Balkan countries have agreed to conclude a free trade agreement by the end of the year, but the breakaway region of Trans-Dniester in Moldova remains a worry for its neighbours and the European Union.
The BBC's Helen Fawkes has witnessed the EU's efforts to help secure the border around Moldova, a former Soviet republic.
Ukraine is keen to prevent smuggling from Trans-Dniester
A team of officials is hard at work in Ukraine on a windswept and freezing frontier which is just a few minutes walk from Trans-Dniester.
Many in the West see this separatist state on Moldovan territory as a black hole.
So when Romania joins the EU next year, the new border will move east to Moldova - and that could spell trouble.
More than 100 officials have been deployed to the Ukrainian and Moldovan sides of the border.
"We hope to prevent human trafficking; we hope to stop the smuggling of goods and for sure we try to increase the efficiency of the border crossings, to bring them up to a European standard," says Kurt Schwendemann, who normally works as a German border guard.
The project became fully operational in February. Since then, Ukraine has introduced a new stricter customs regime for the breakaway region.
Cargo leaving Trans-Dniester now needs a customs stamp from Moldova.
Largely Russian and Ukrainian-speaking
Declared independence in 1990
Not recognised internationally
Separatist capital is Tiraspol
Population under a million
1,400 Russian troops established in Trans-Dniester
This has made it much more difficult to export goods and has caused long queues at the border.
People from Trans-Dniester have held angry protests.

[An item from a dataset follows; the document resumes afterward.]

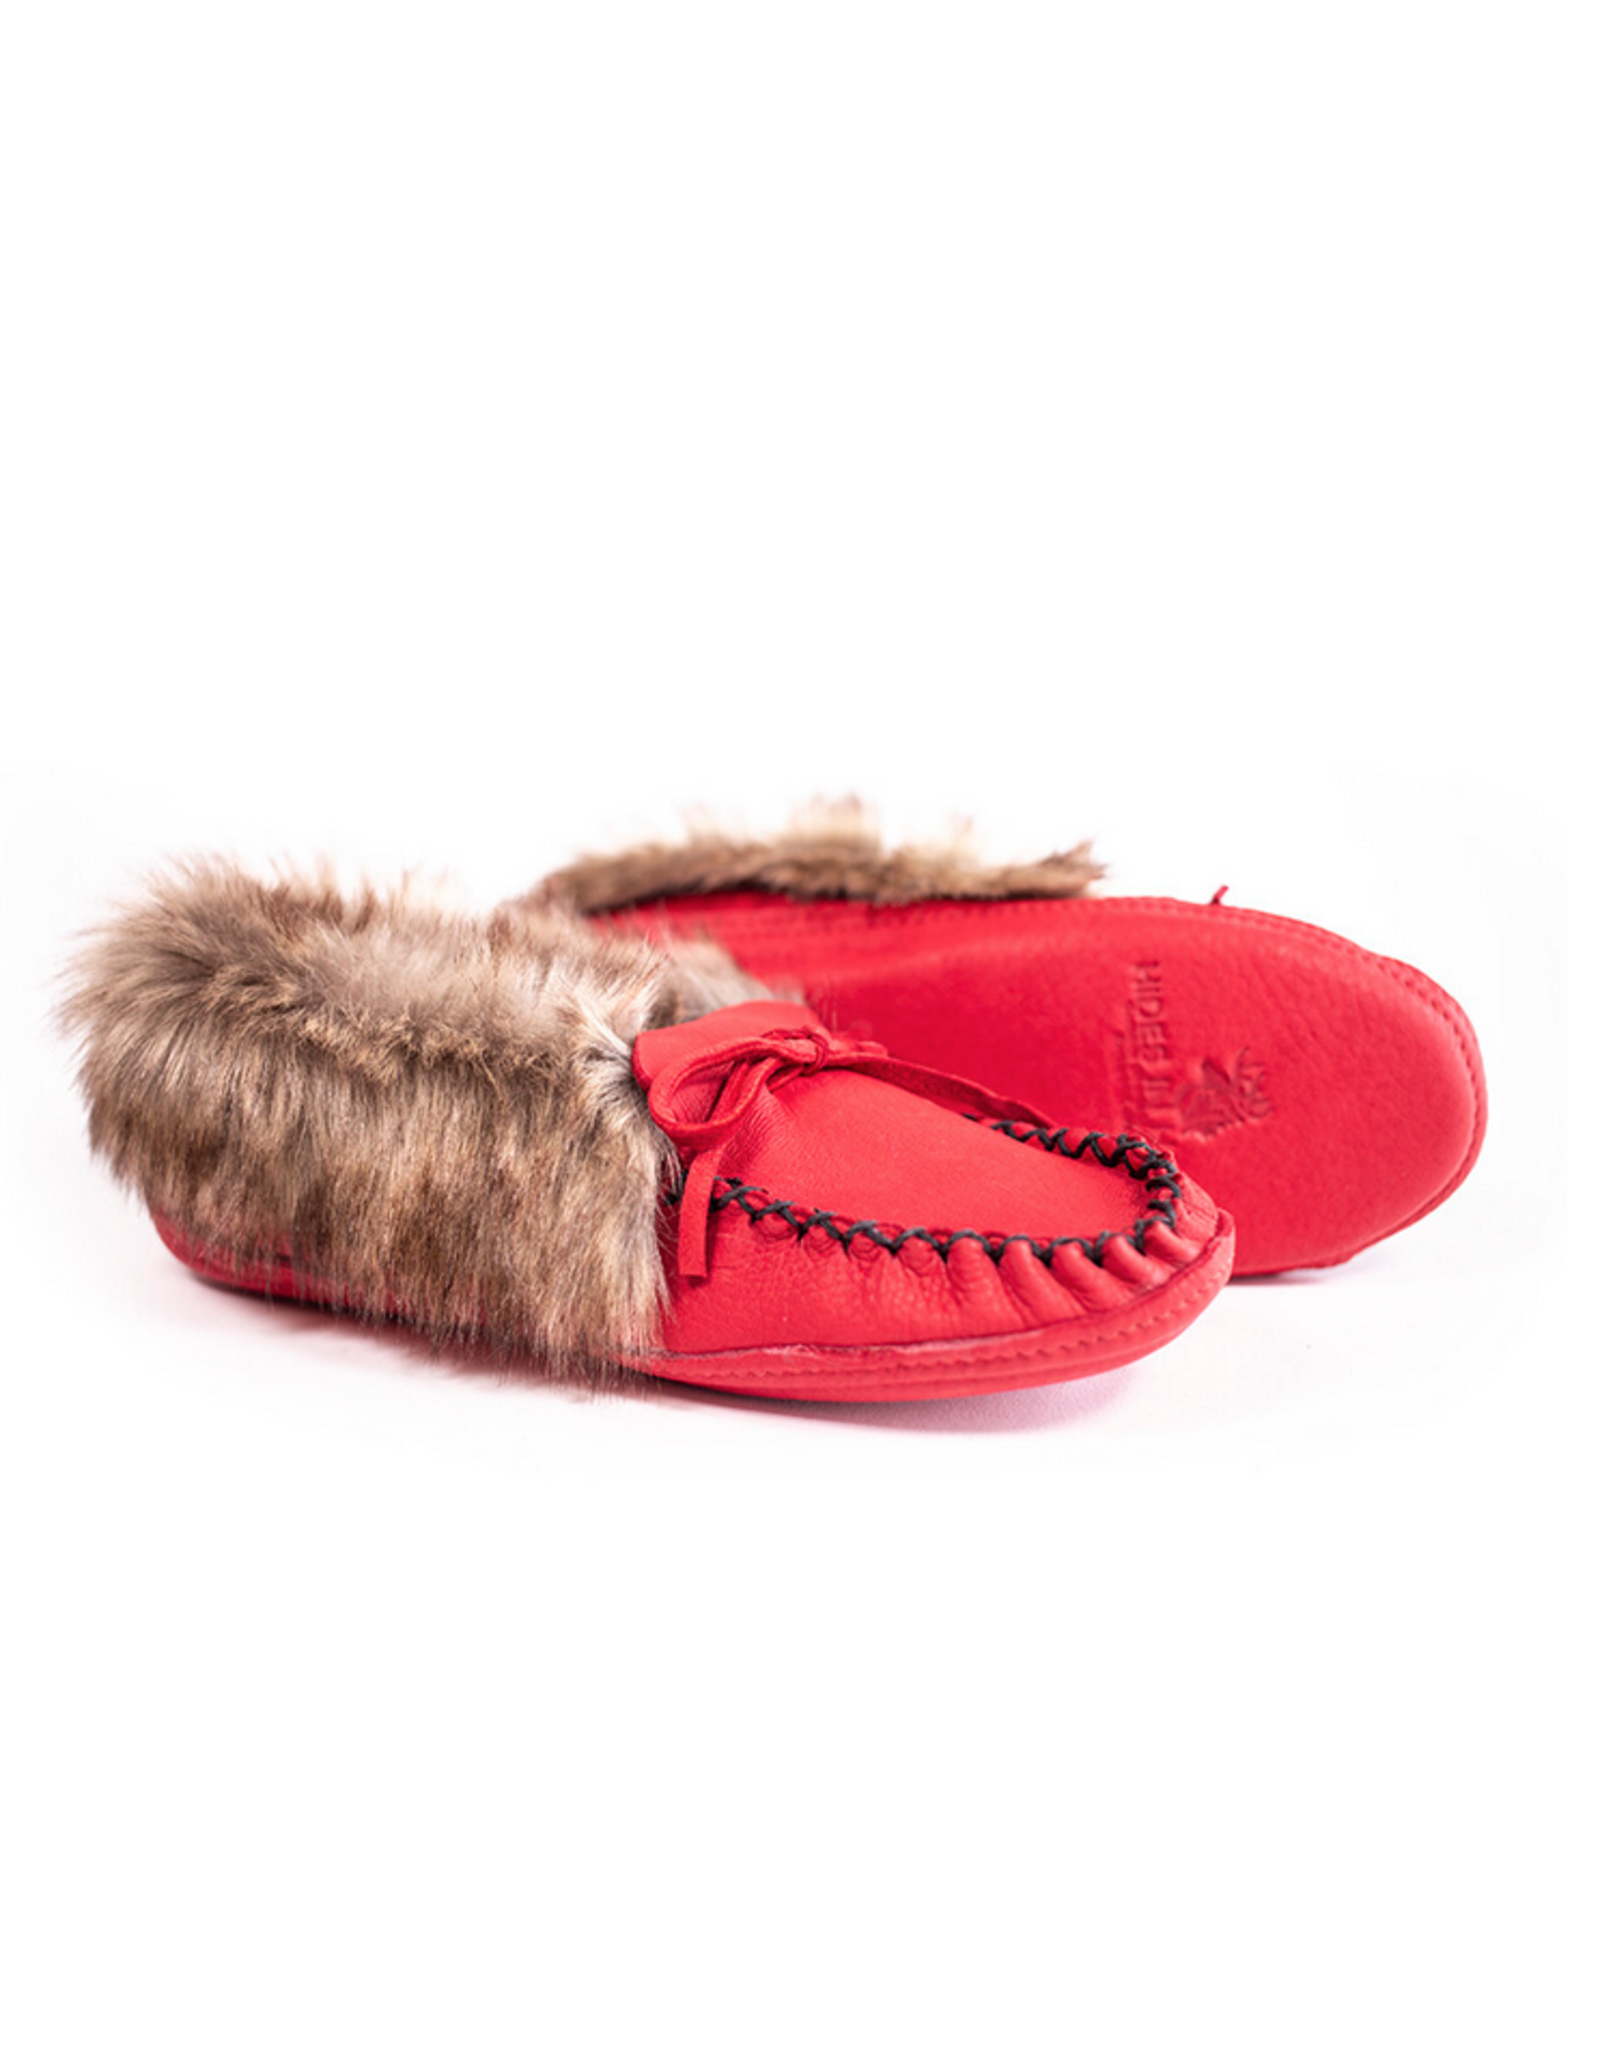 Deer Hide Moccasin Red with Faux Fur

Authorities in the breakaway region say they have lost millions of dollars and are on the verge of an economic crisis.
Russia is not happy, claiming that the action amounts to a blockade.
But Ukraine has the backing of the EU.
The rebel republic, which is not recognised internationally, has a reputation for being a haven for organised crime.
"The Trans-Dniester region is the centre of an international network of organised crime, first of all smuggling, illegal trafficking of human beings and it's a centre for illegal arms trafficking," says Oazu Nantoi, a political analyst from Moldova.
Cargoes from Trans-Dniester are under EU scrutiny
The dynamics in this strategically important region have changed since Ukraine and Moldova both elected pro-Western governments last year.
Trans-Dniester is a mainly Russian-speaking area.
It broke away from the Soviet Republic of Moldova just before the end of the USSR.
But the region has managed to hang onto its self-proclaimed independence thanks to a sizeable Russian military presence.
The EU project, costing 8m euros (£5.5m; $9.7m), was set up after the presidents of Moldova and Ukraine asked Brussels for help to deal with Trans-Dniester.
"There's lots of uncertainty for our European partners because the current situation is very problematic and directly affects the security of all the countries in Europe and the international community," says the Moldovan Foreign Minister, Andrei Stratan.
"For example in Trans-Dniester there are factories manufacturing weapons and also one of the Russian army's largest ammunition dumps is located there, so it's very alarming," he says.
A Ukrainian border guard helicopter flies over the disputed area - and from the air the scale of the operation seems daunting.
The Trans-Dniester border stretches for almost 500 kilometres (310 miles), much of it farm land.
The real difficulty is that many sections are not marked, it is just somewhere in a field.
So it is hard to tell where one country ends and the separatist state starts.
The project has been fully operational since last month and is already having an impact, according to the EU.
"The illegal activity and the reaction of criminals are very visible. When we are at the border, they avoid and they step back, not brave enough to cross the border," says General Ferenc Banfi, the head of the EU mission.
"There is a clear indication that the mission has respect in front of the criminals," he says.
This Border Assistance Mission only has limited powers; they are not able to carry out checks themselves.
But it does appear to be having an impact in putting pressure on the breakaway region, which will soon be on the EU's doorstep.